エイデンは一瞬目を閉じ、額を叩きたい衝動を抑えた。代わりに、彼は落ち着くような深呼吸をした。「この小説全体がスマット(性描写)だよ。純粋で、飾り気のない、ボーイズラブのスマット。報われない恋に悩む少年が、彼を愛しているけれど本人は愛し返さない二人の少年と寝るという話だ」
「それで…?」
「君はあらすじで、自分の作品は18歳以上の読者向けだと明記していた!」
「そうね、それ—」
「君はまだ18歳でさえない!やっと10代になったばかりじゃないか!」エイデンの声は大きくなったが、カズは平然とエイデンの手からタブレットを取り、無関心そうに肩をすくめた。
「ボーイズラブのスマットを書く作家のほとんどは未成年だから、それが何?それに、私はそのアプリで書くだけで実際にお金を稼げるし、私の小説はかなりユニークだと思う」
「ユニーク?」とエイデンは信じられない様子で繰り返した。「男性の主人公が何の説明もなく妊娠できるのをユニークだと思ってる?」
カズの目は、まるで素晴らしいアイデアを思いついたかのように輝いた。「あなたは正しい!」
「な-なに?」
「あなたは正しいわ!フロリアンの背景と生物学をもっとよく説明すべきね。彼が妊娠できるからという理由だけで、王のハーレムに放り込まれるただのランダムな王子というのは意味が通らないわ」カズの表情は真剣になり、タブレットにメモを書き始めた。
「フロリアンは女性が支配的で男性が養育者である王国の出身で、そのため彼らは妊娠する能力を進化させた。
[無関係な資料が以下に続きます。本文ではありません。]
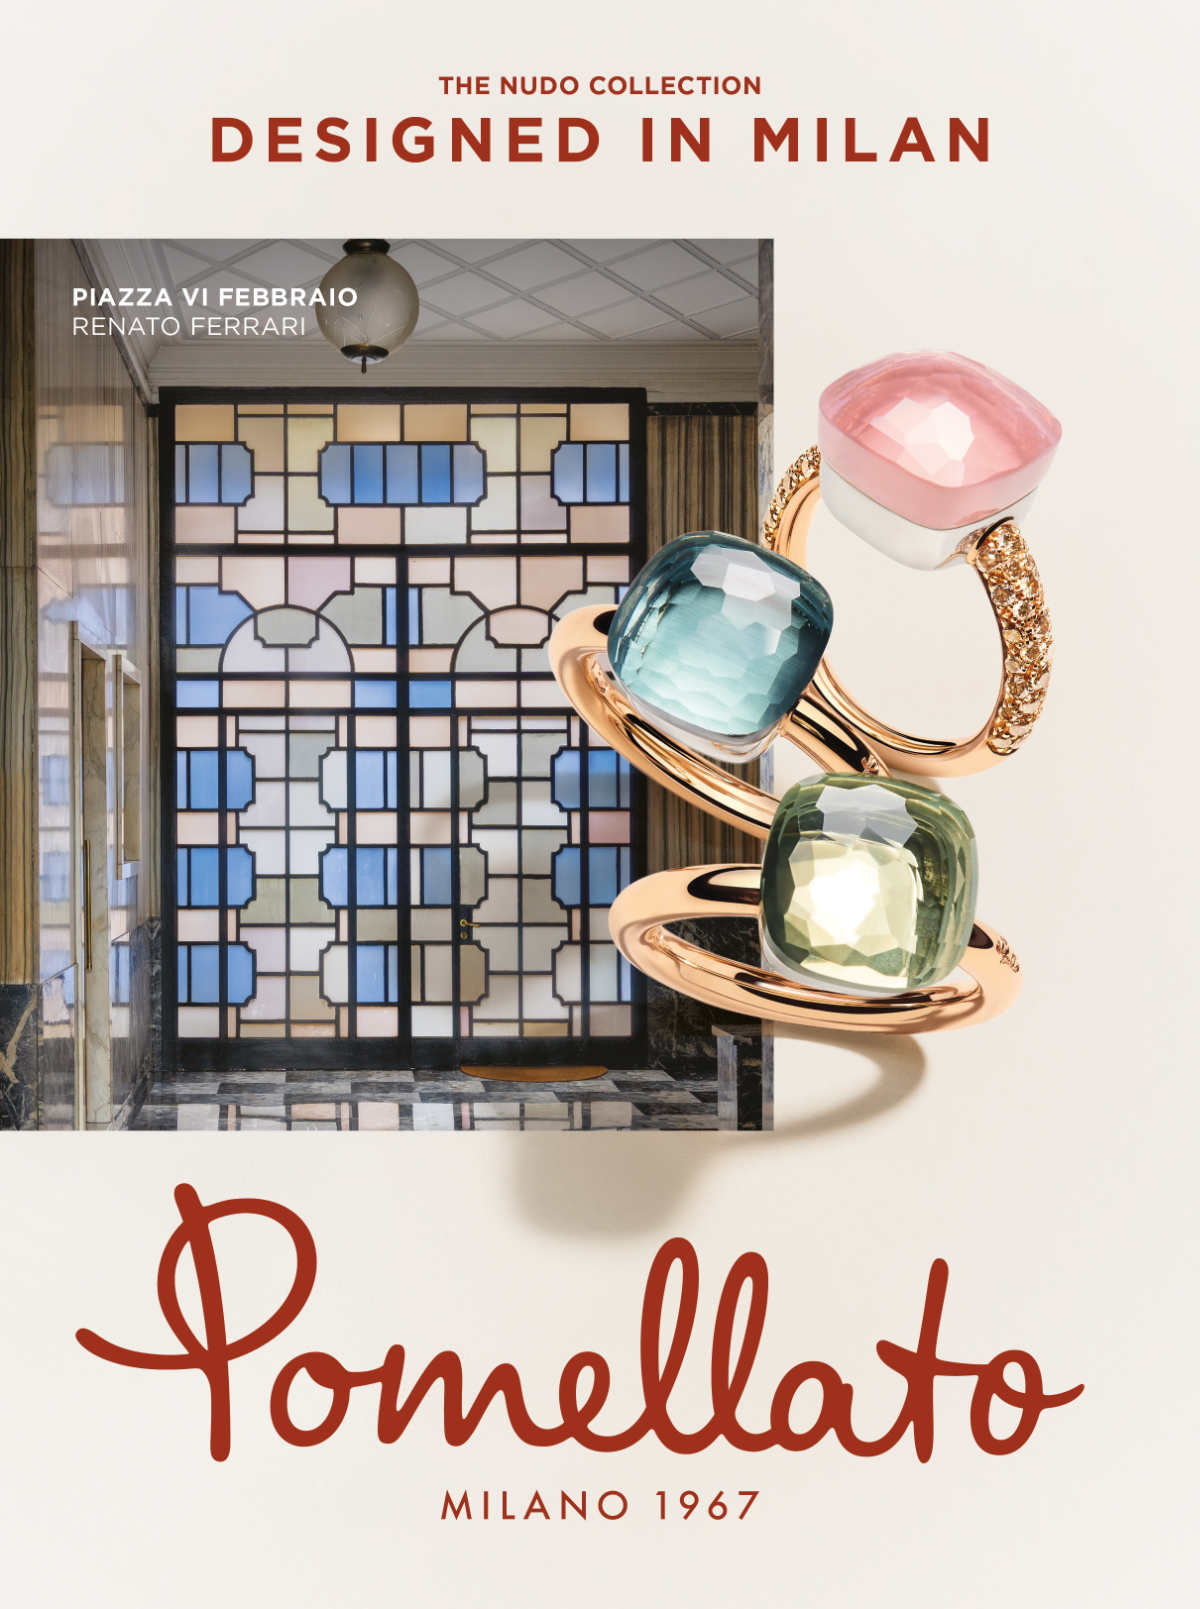 Pomellato Unveiled Its New Global Advertising Campaign Celebrating Milan’s Creative Genius
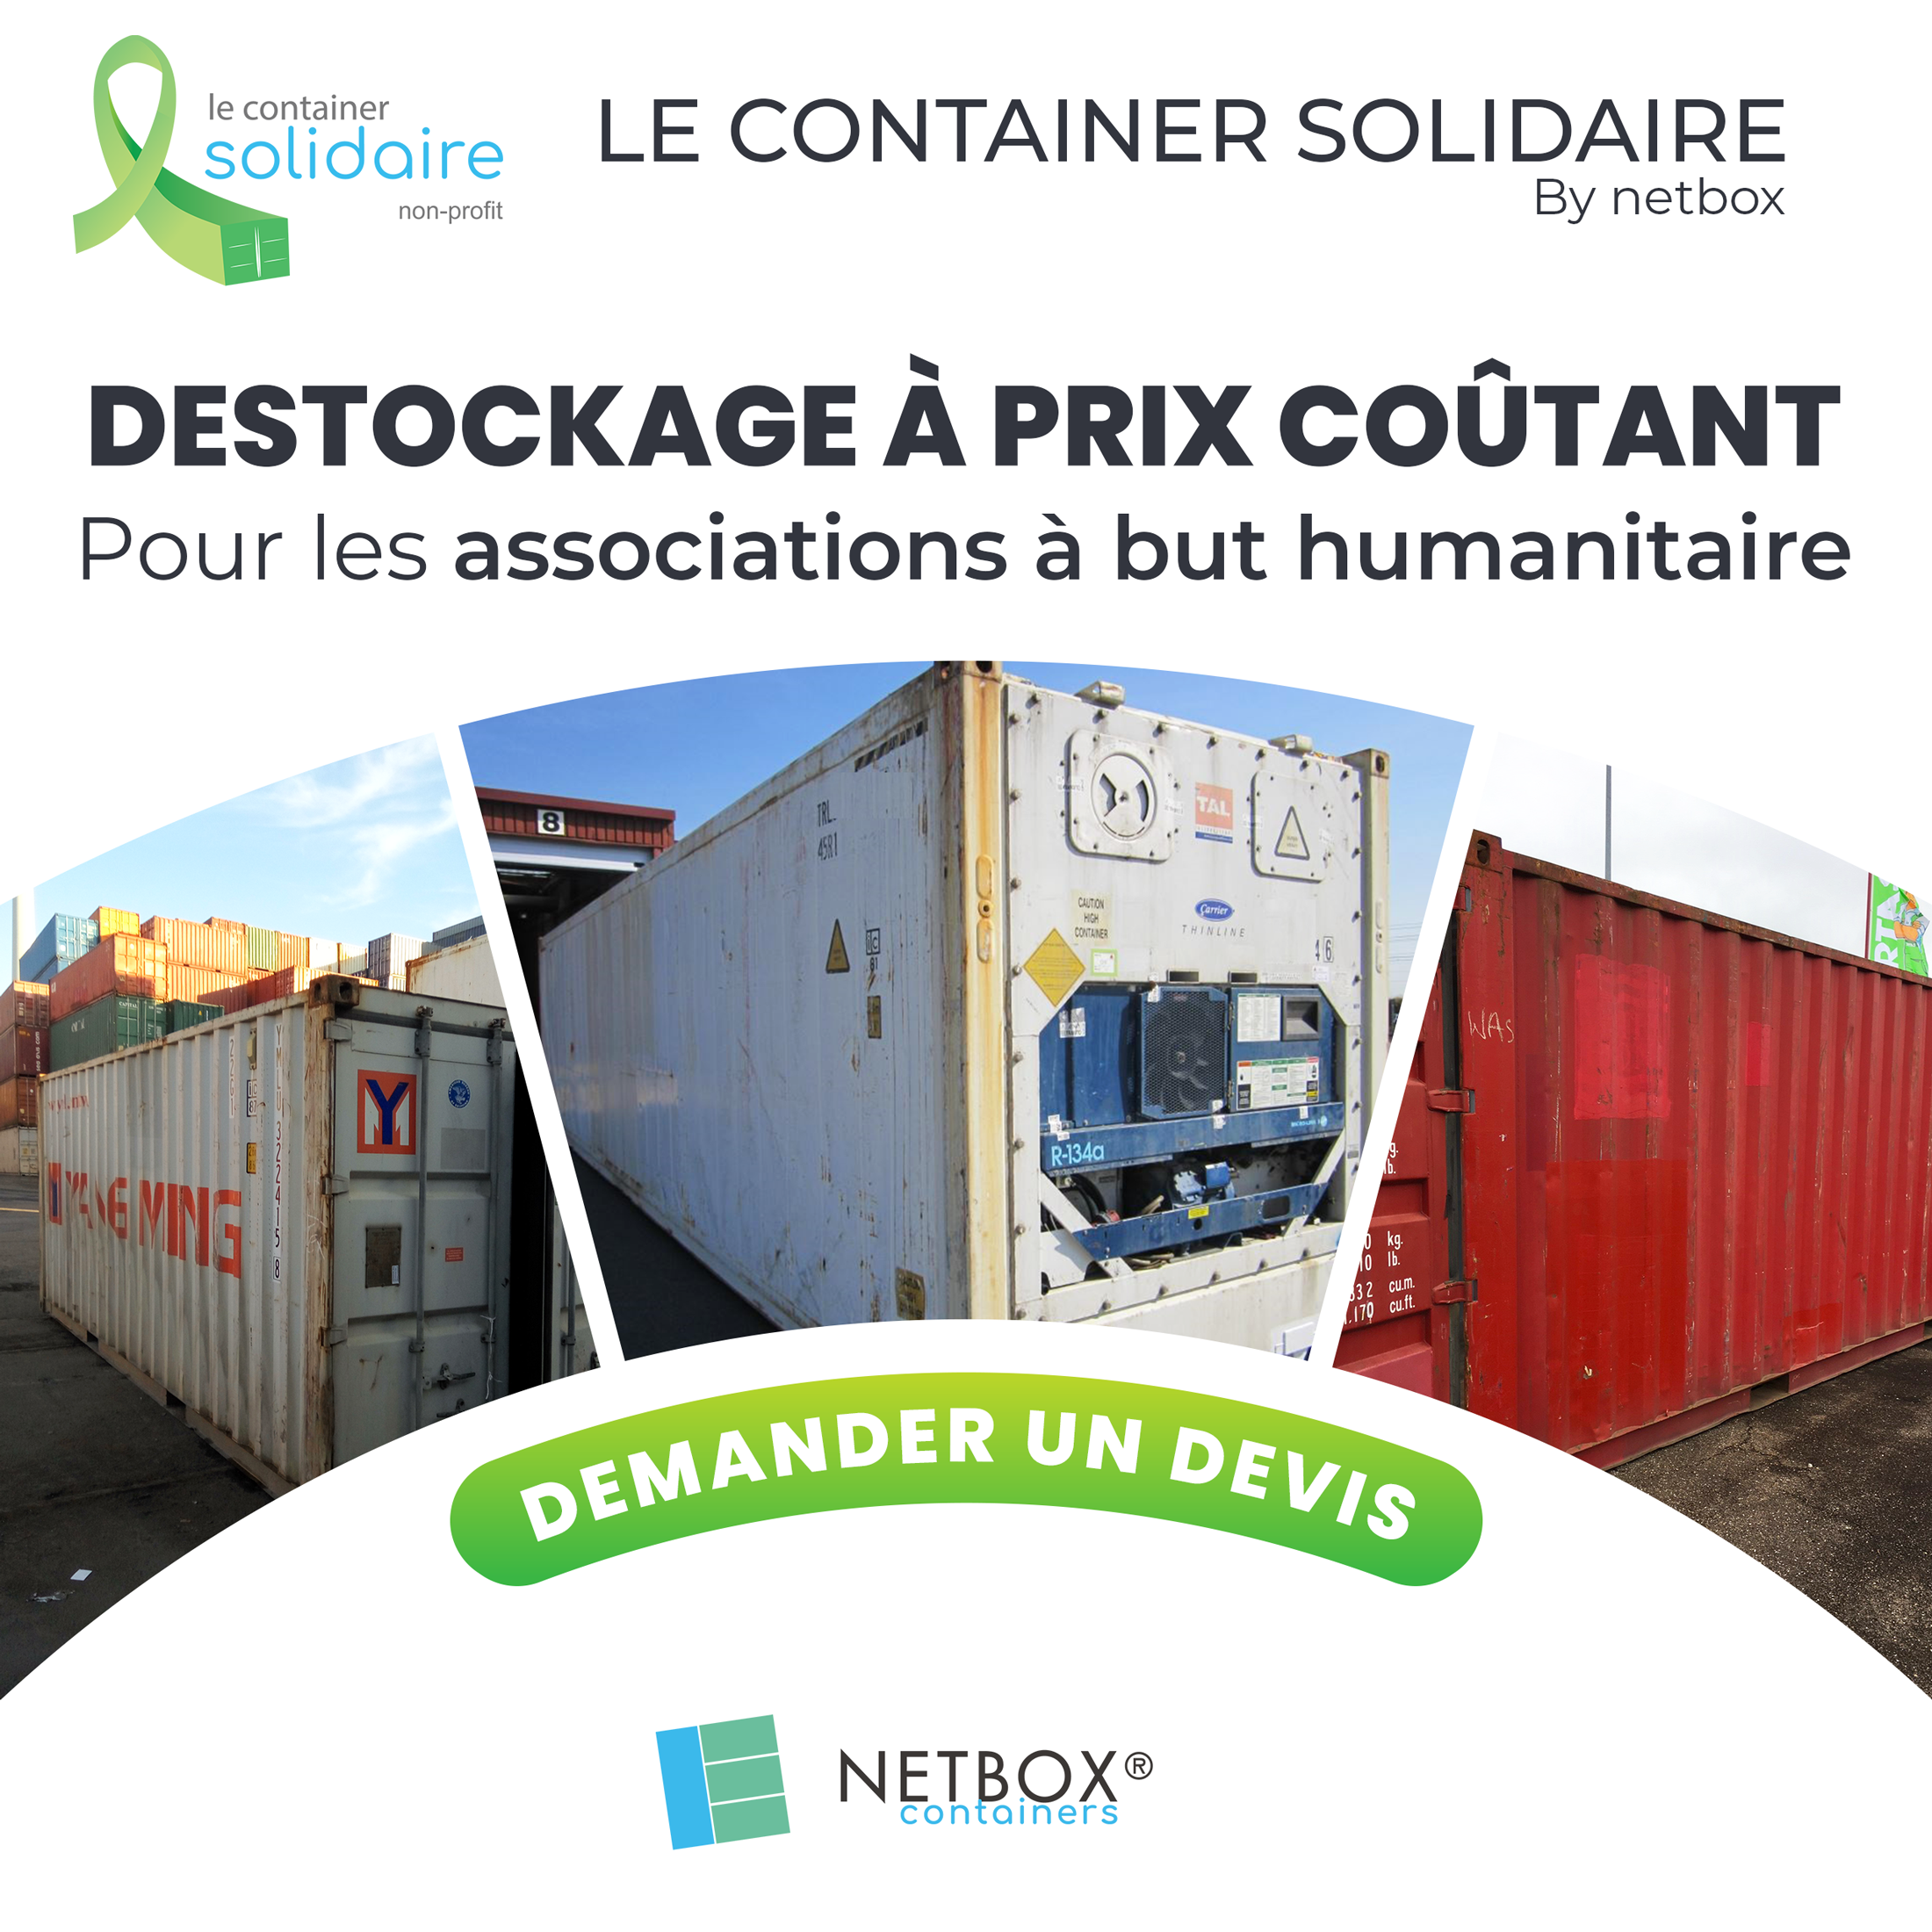 Netbox_pop-up-website_container-solidaire

そのため、彼の父親は将来その王国の女王になる妹ではなく、フロリアンをハインツに送った…」
エイデンは、彼の抗議を無視して架空の世界にさらに深く潜り込む妹を見て、完全に言葉を失った。
「ほら、お兄ちゃん」とカズは入力し続けながら言い始めた。「私は本当に自分の物語が好きなの。それは違っていて、私の最初の作品よ。叱ってもらうために見せたんじゃなくて、私には編集者や校正者を雇う余裕がないから見せたの。あなたはクリエイティブライティング専攻だから、私にとって最良の選択肢なのよ」
「でも—」
「あなたにこれを見せる前に躊躇したと思わない?私はこの物語に情熱を持っているの。最初から最後までを計画したわ。お願い、もっと良くするのを手伝って」
そして彼女は最終兵器を繰り出した:子犬のような目。
エイデンはうめいた。彼はその目に「ノー」と言えたことがなく、カズはそれを知っていた。しかし、その表情がなくても、彼は同じ結論に達していただろう。
「…わかった」と彼は折れた。「君がゲイのスマットを書いていることに非常に不快感を覚えているし、それを読ませることにはさらに不快だが…」
カズの顔が明るくなった。彼女は椅子から飛び上がり、彼をきつく抱きしめた。「最高!後悔しないって約束する!」
「読んだ瞬間にもう後悔してるよ」とエイデンはぶつぶつ言った。
「うるさい!これは素晴らしい可能性を秘めた良い物語よ!」カズは輝いて、まだ不機嫌そうな兄を抱きしめ続けた。
「なんて謙虚なことだ」
カズは目を回した。「もしこの物語が人気になって実際に稼ぎ始めたら、あなたは疑ったことを後悔するわ」
「ああそうだろうとも」とエイデンは否定的に答えた。
「信じて!このシリーズは爆発的に流行るわ。漫画の原作になるかもしれないよ、お兄ちゃん!」
そう言ったカズだったが、すぐに彼女は誰も彼女の物語に興味を持っていないことを知ることになり、それがなったのはエイデンの最悪の悪夢だけだった。